Здесь я должен сказать несколько слов о самой пьесе. Действие происходит в баре на берегу Миссисипи. Внезапно поднявшаяся вода в реке делает пленниками небольшую кучку посетителей бара. Все они очень различны по своему положению в мире. Тут и богачи – Бир и Фрезер, и хозяин бара, и негр-слуга Чарли, и случайно забредший музыкант, и адвокат О’Нейль, и проститутка Лицци. Перед лицом смерти, когда вода подходит к самым дверям бара и спастись становится невозможно, все предрассудки, порожденные человеческими слабостями и пороками, исчезают как дым и в людях остаются только подлинно-прекрасные начала. Но как только минует опасность, снова надеваются непроницаемые, холодные маски. Пьеса хорошая, умная и глубоко трагическая.
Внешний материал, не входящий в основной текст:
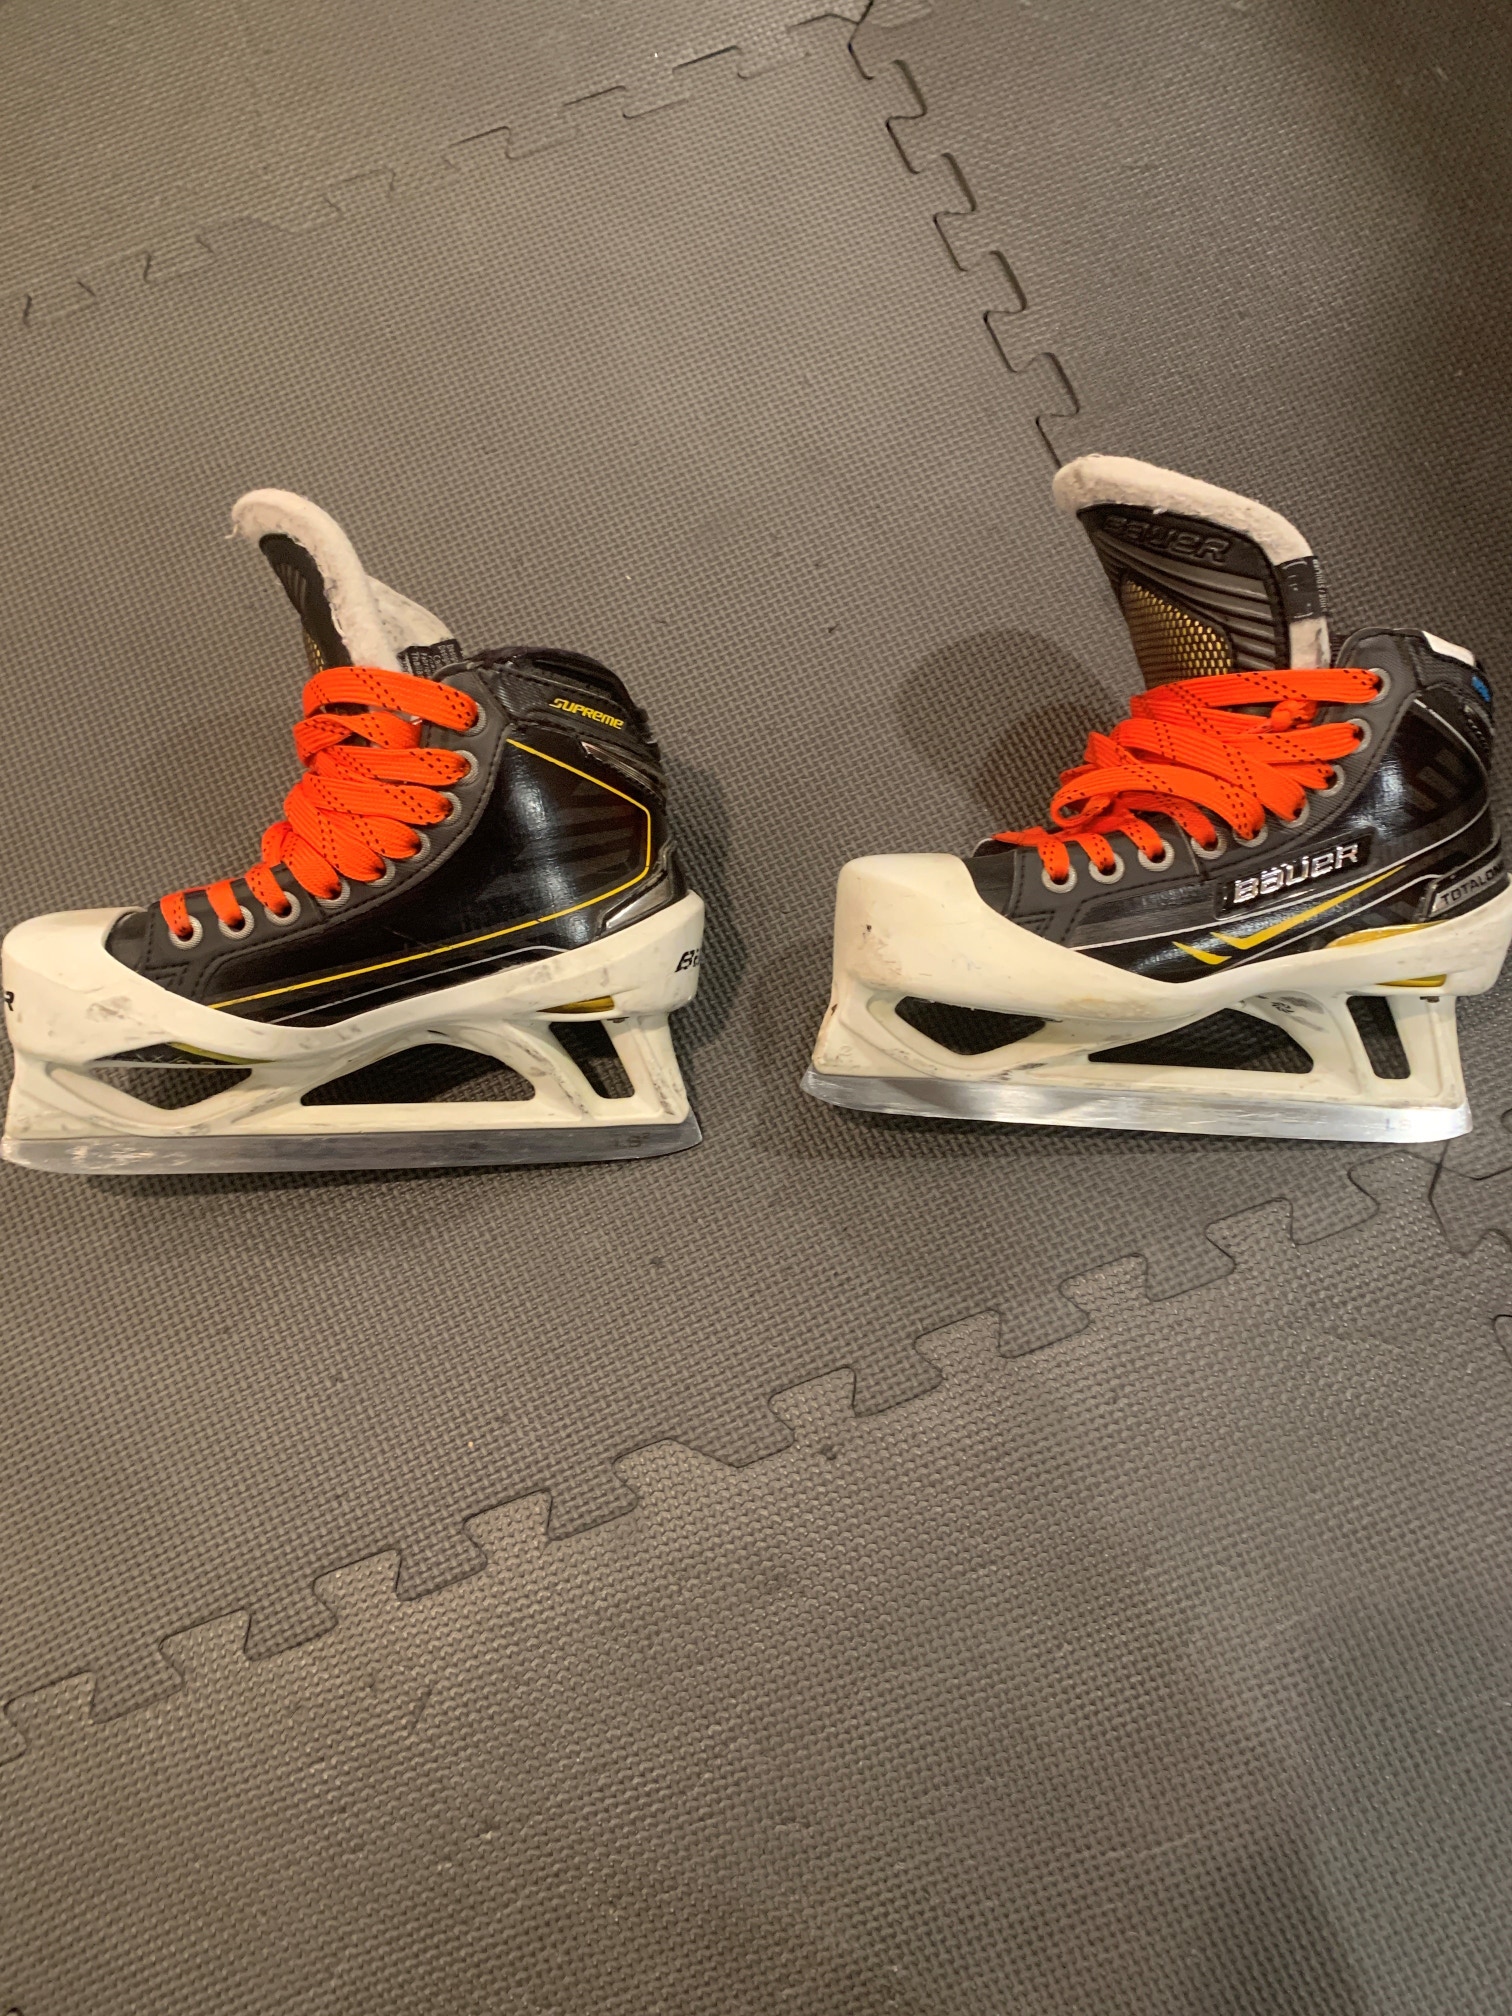 Junior Used Bauer Total One NXG Hockey Goalie Skates Regular Width Size 3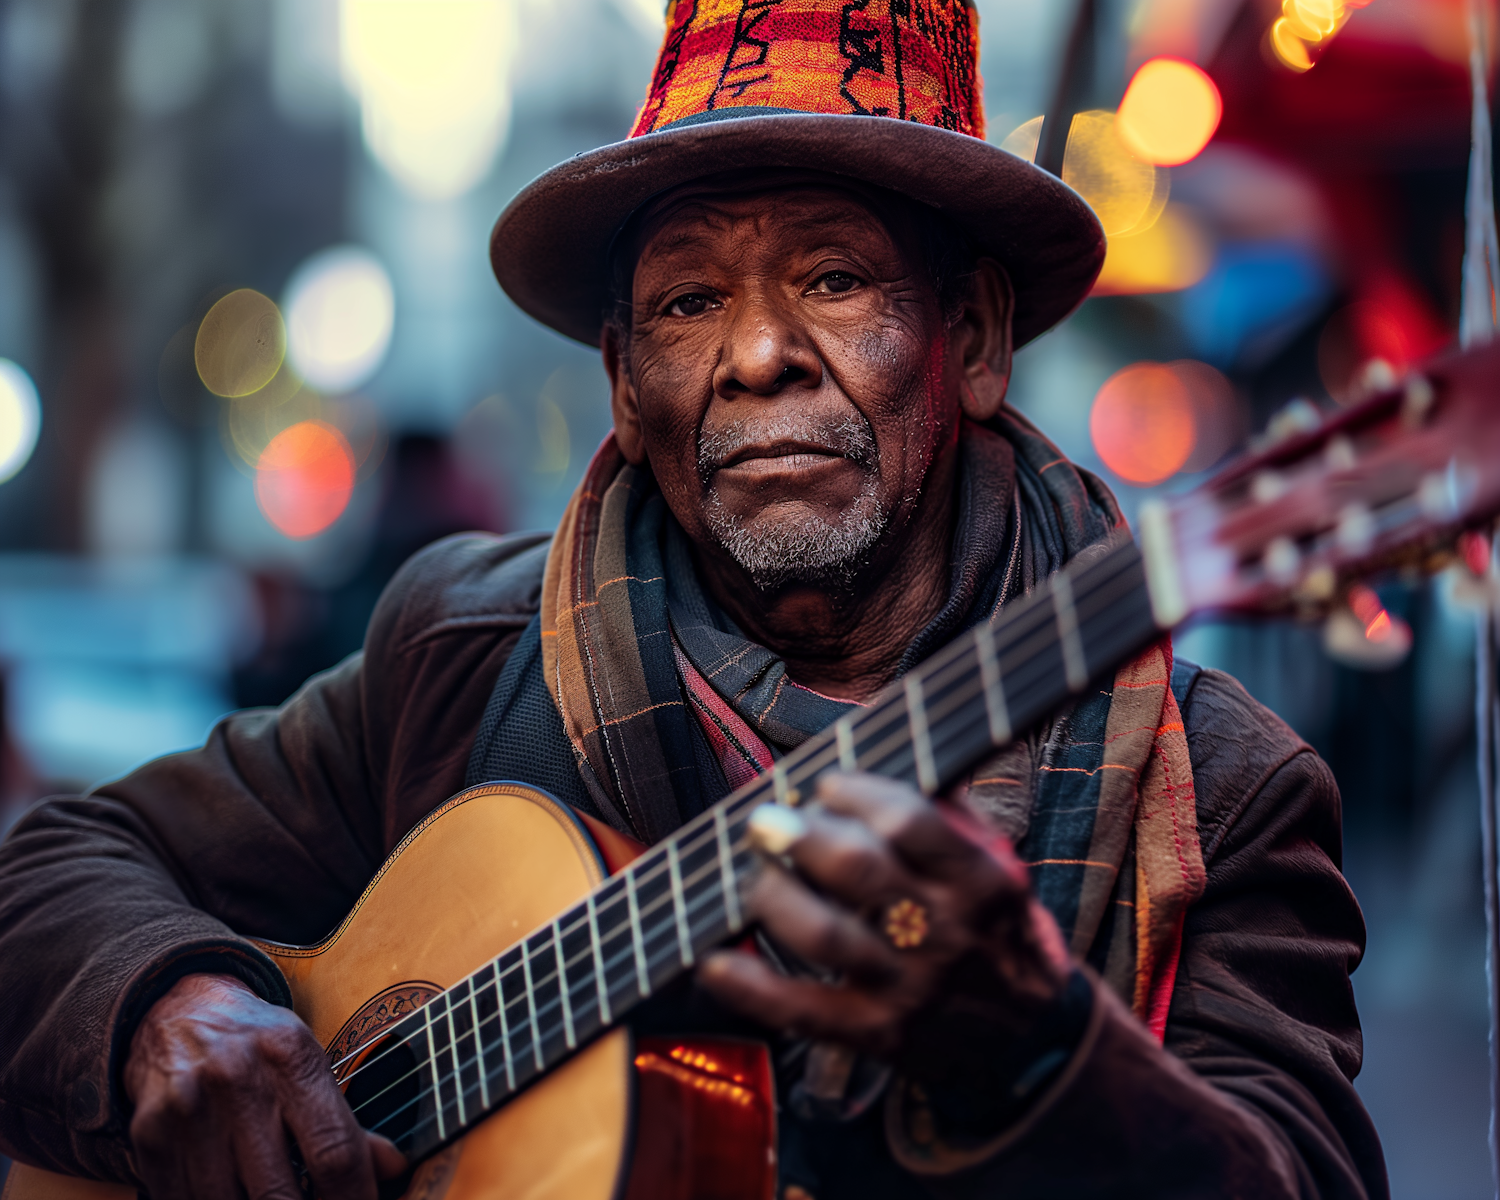 Elderly Musician in Urban Setting

К концу второго акта наступает кульминационный момент. В щель под дверью просачивается вода. Свет тухнет. Я стою на авансцене и зажигаю свечу. Все посетители бара смотрят на мою свечу, как на что-то страшное, последнее, за которой стоит уже смерть. Я чувствую, что я играю так, как нужно, я вижу, как мелко дрожат мои пальцы, держащие свечу, я ощущаю панический страх на своем лице и понимаю, что настроение передалось всему залу – публика сидит тихо, напряженно, не слышно ни кашля, ни плевков.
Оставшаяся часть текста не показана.